DATA BELOW ->
*** Block opens ***

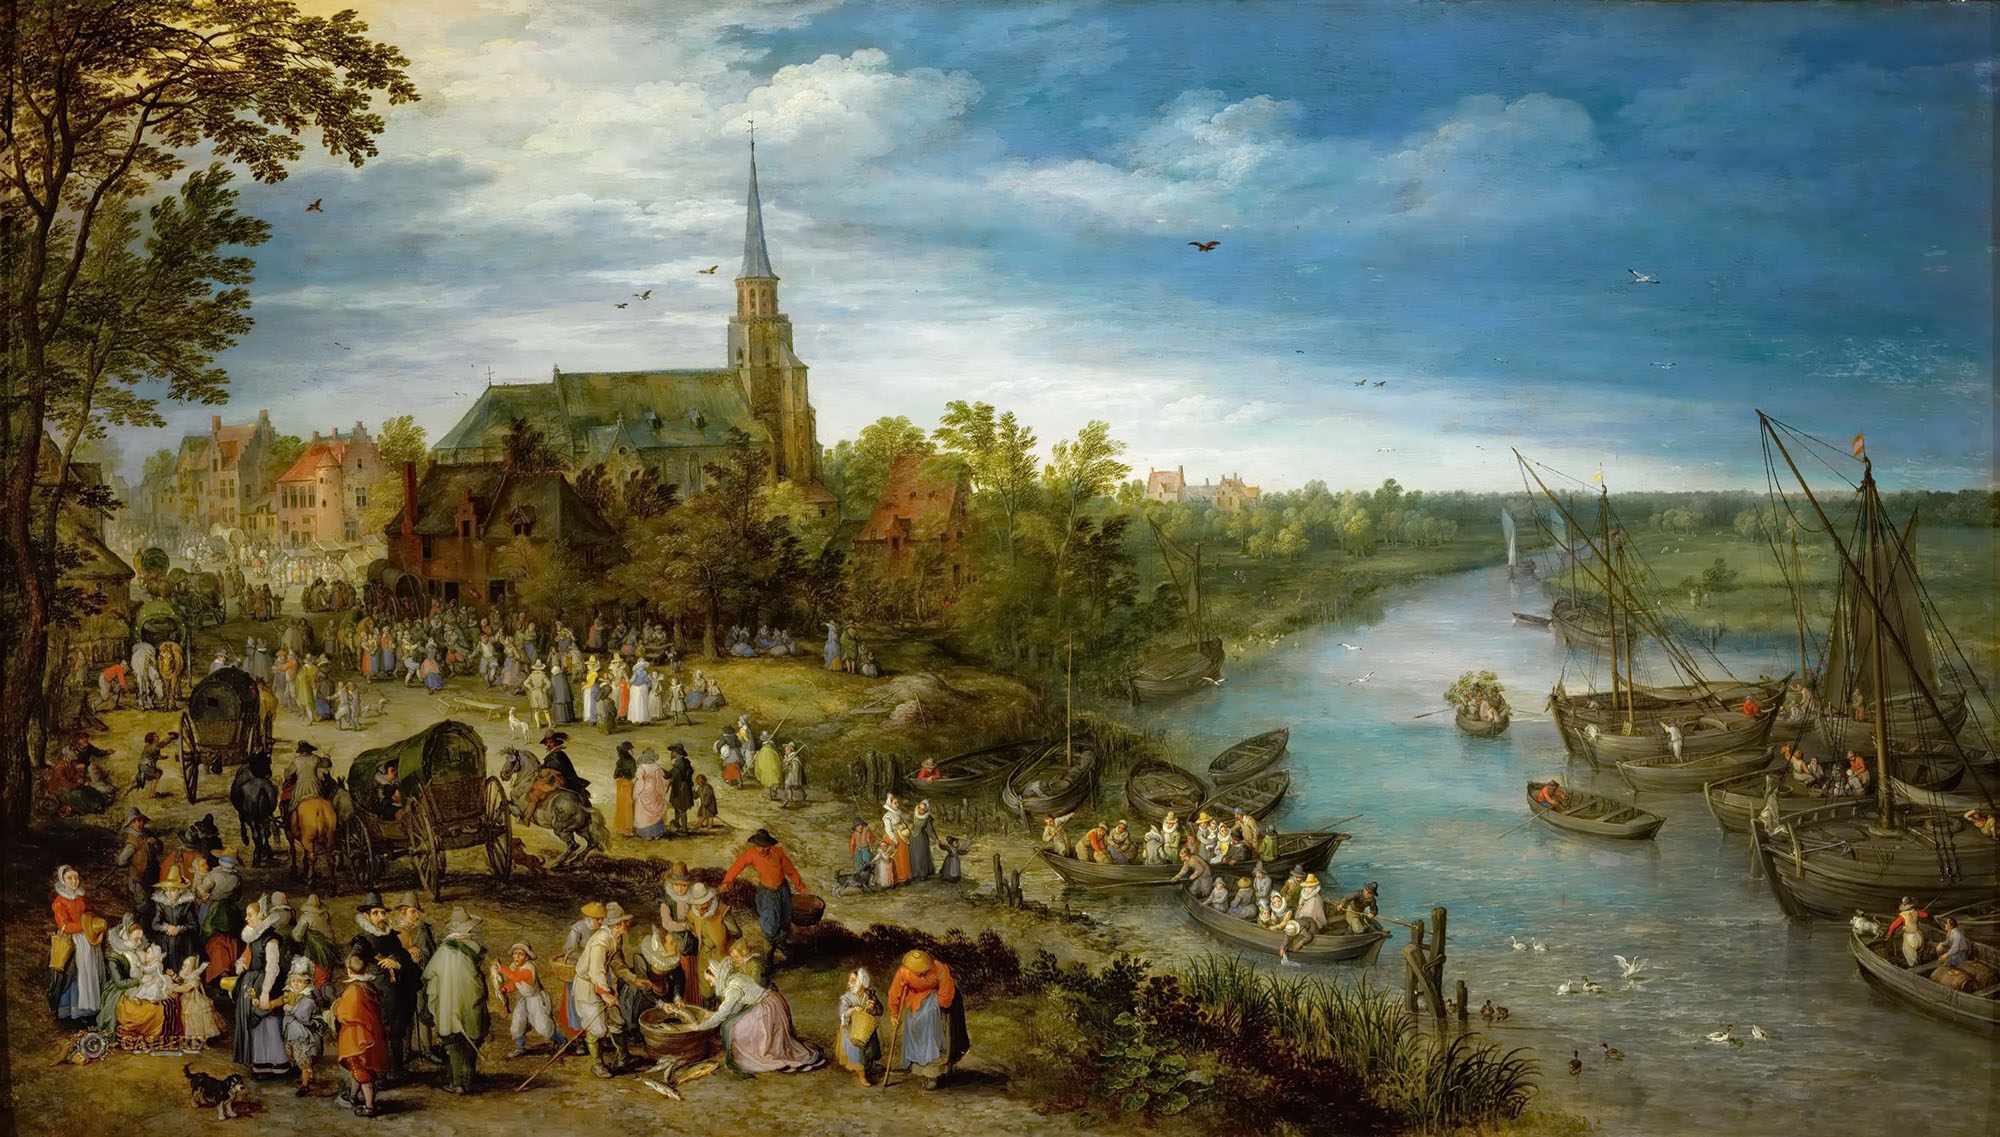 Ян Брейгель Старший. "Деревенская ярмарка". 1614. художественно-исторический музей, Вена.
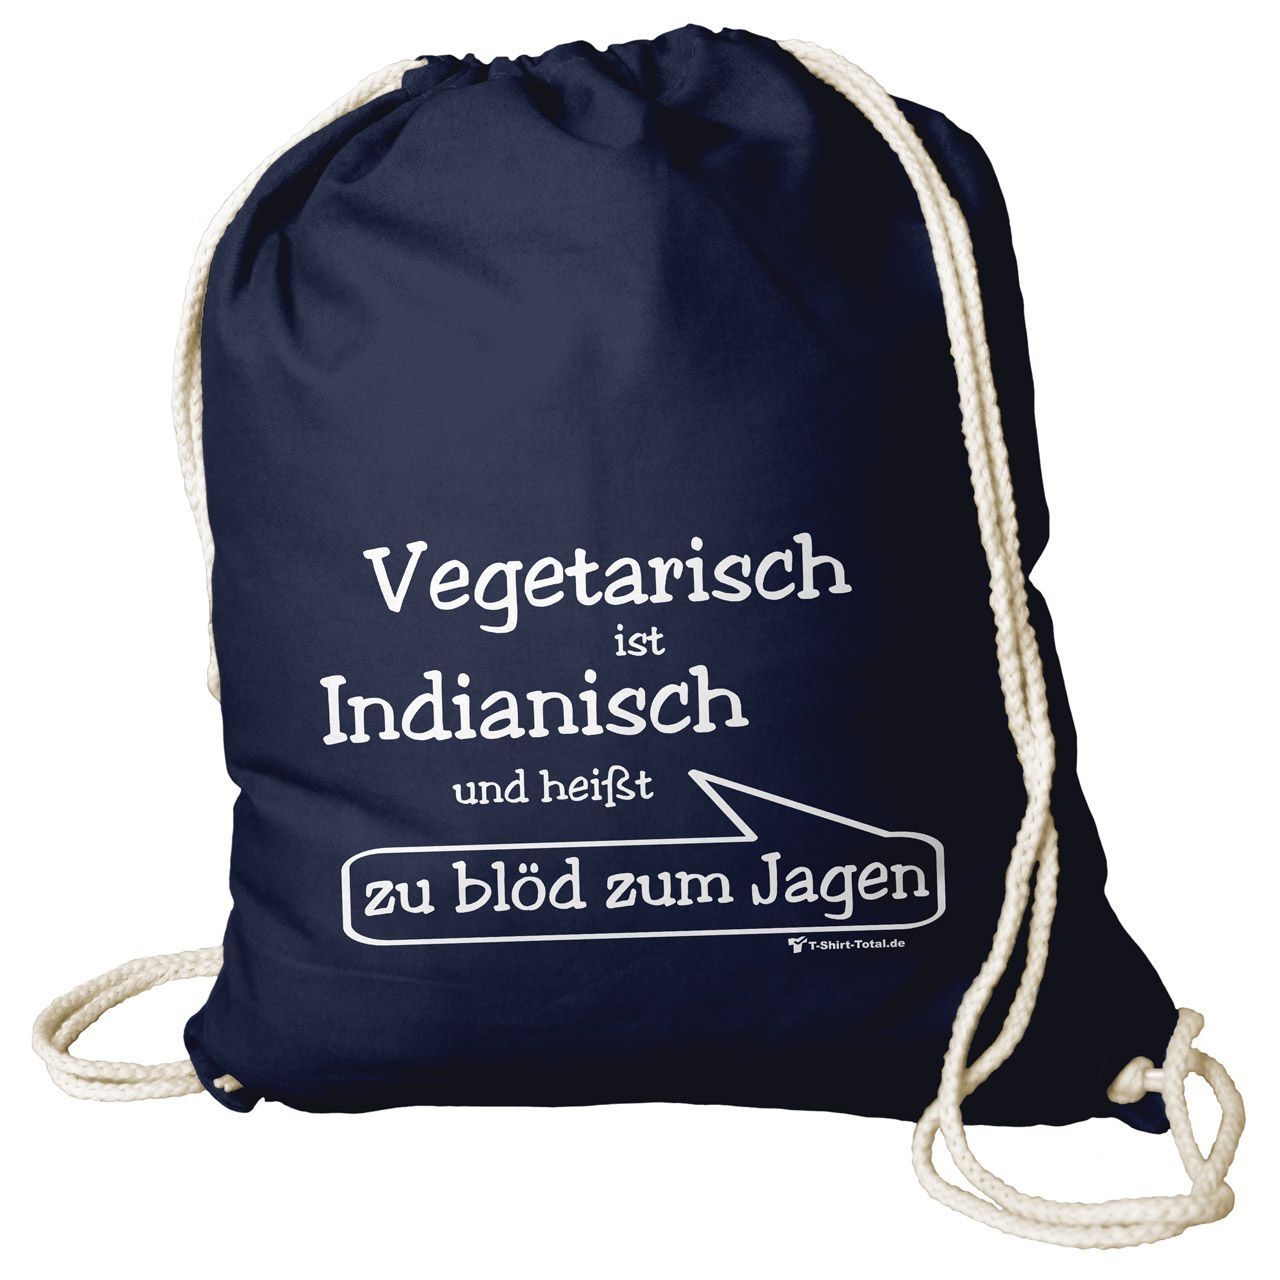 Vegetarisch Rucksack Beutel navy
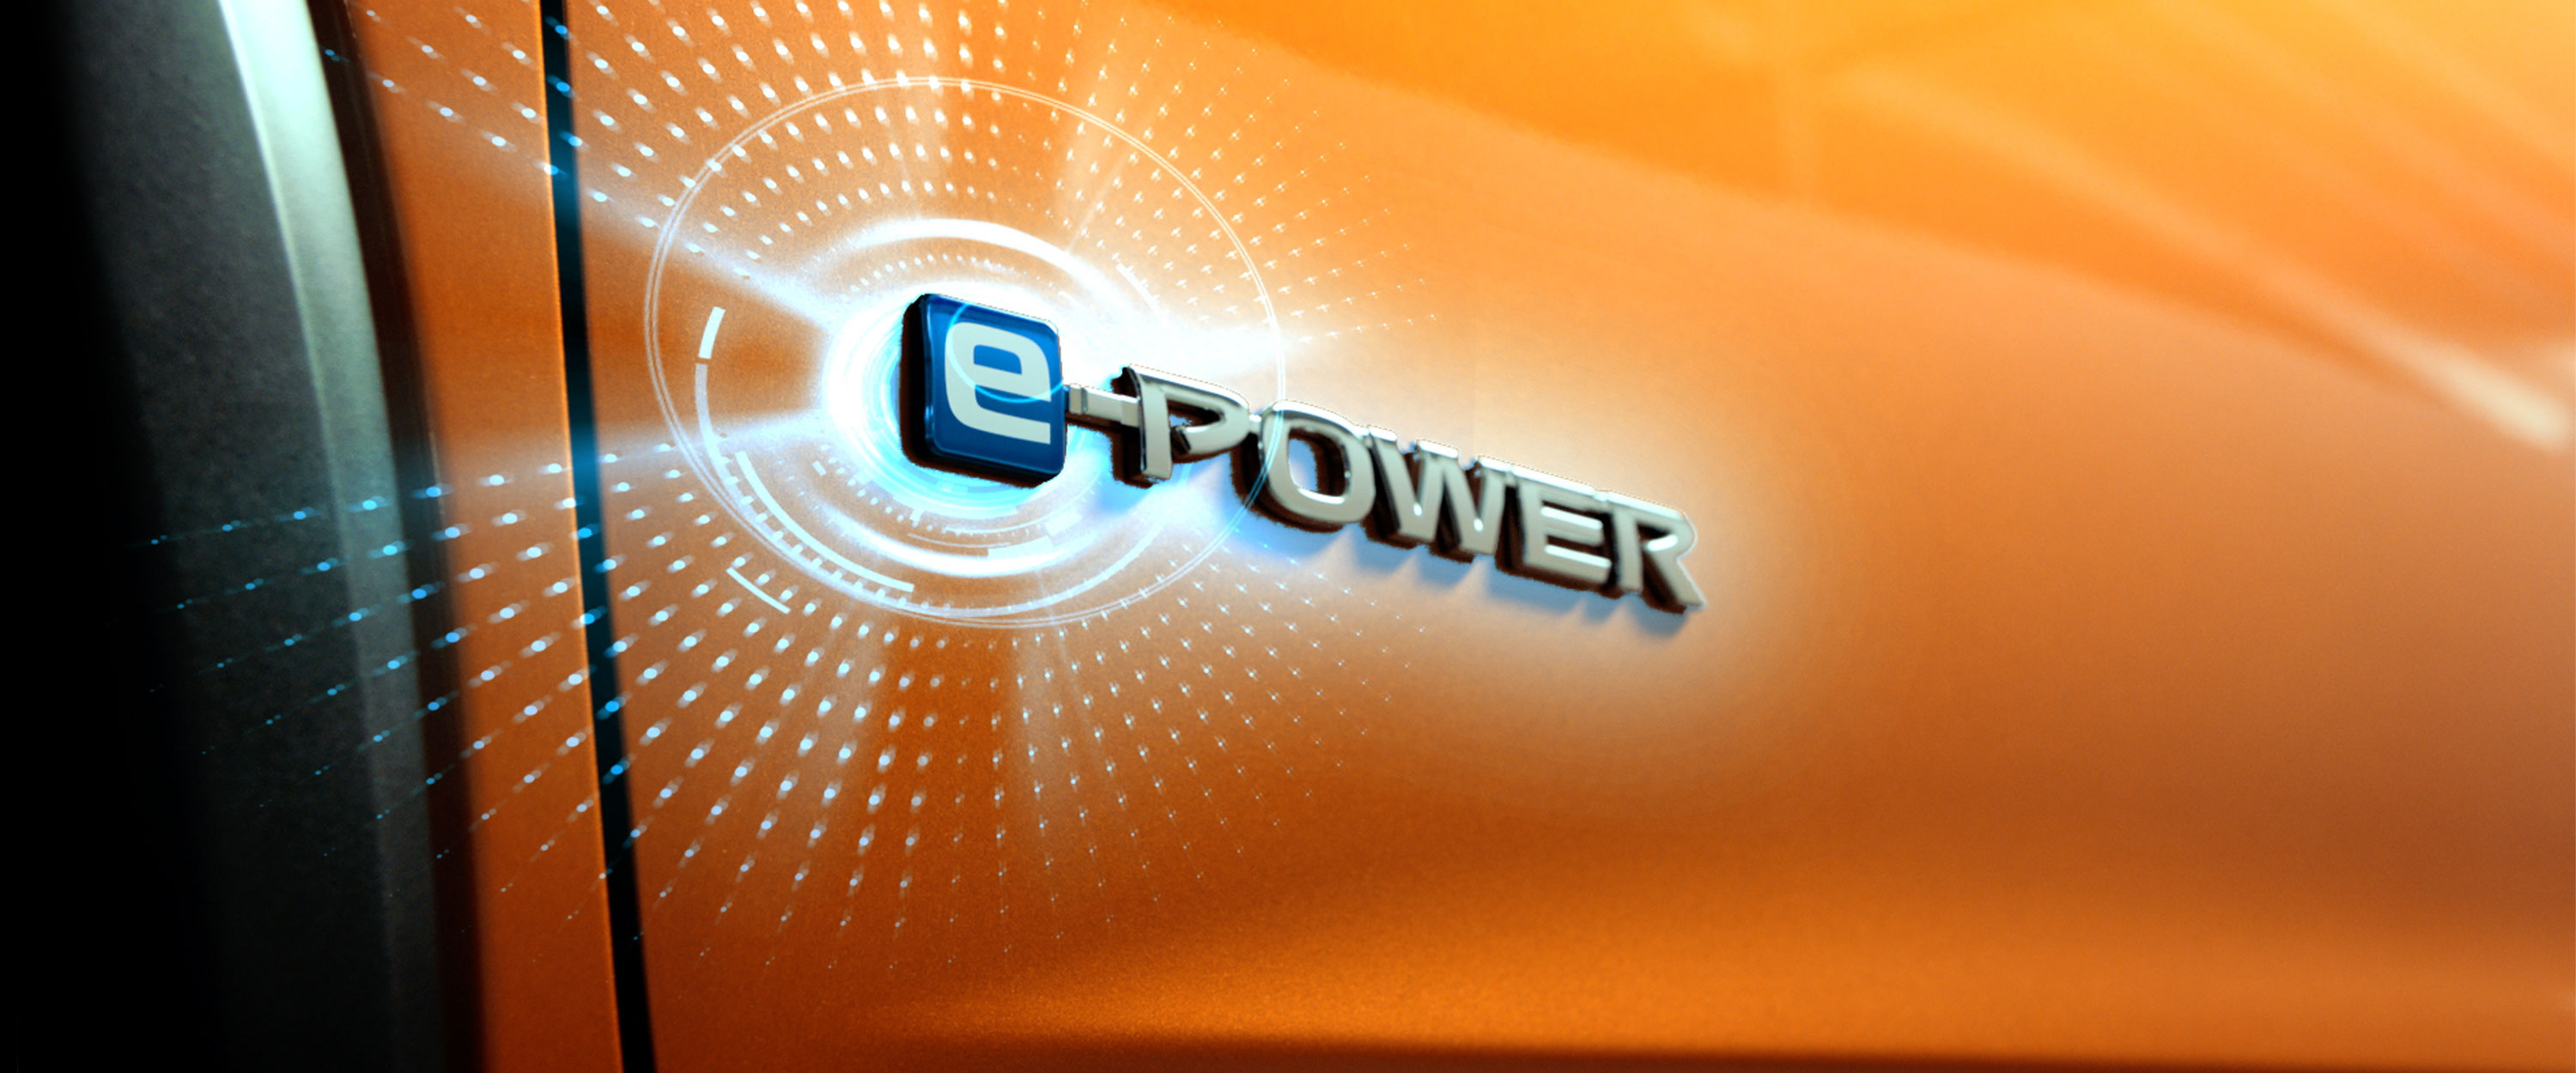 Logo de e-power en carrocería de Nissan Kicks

*** Block closes ***

Strip the images and return the remaining data exactly.

RESULT OF THE EXERCISE ->
 Ян Брейгель Старший. "Деревенская ярмарка". 1614. художественно-исторический музей, Вена.
 Vegetarisch Rucksack Beutel navy
 Logo de e-power en carrocería de Nissan Kicks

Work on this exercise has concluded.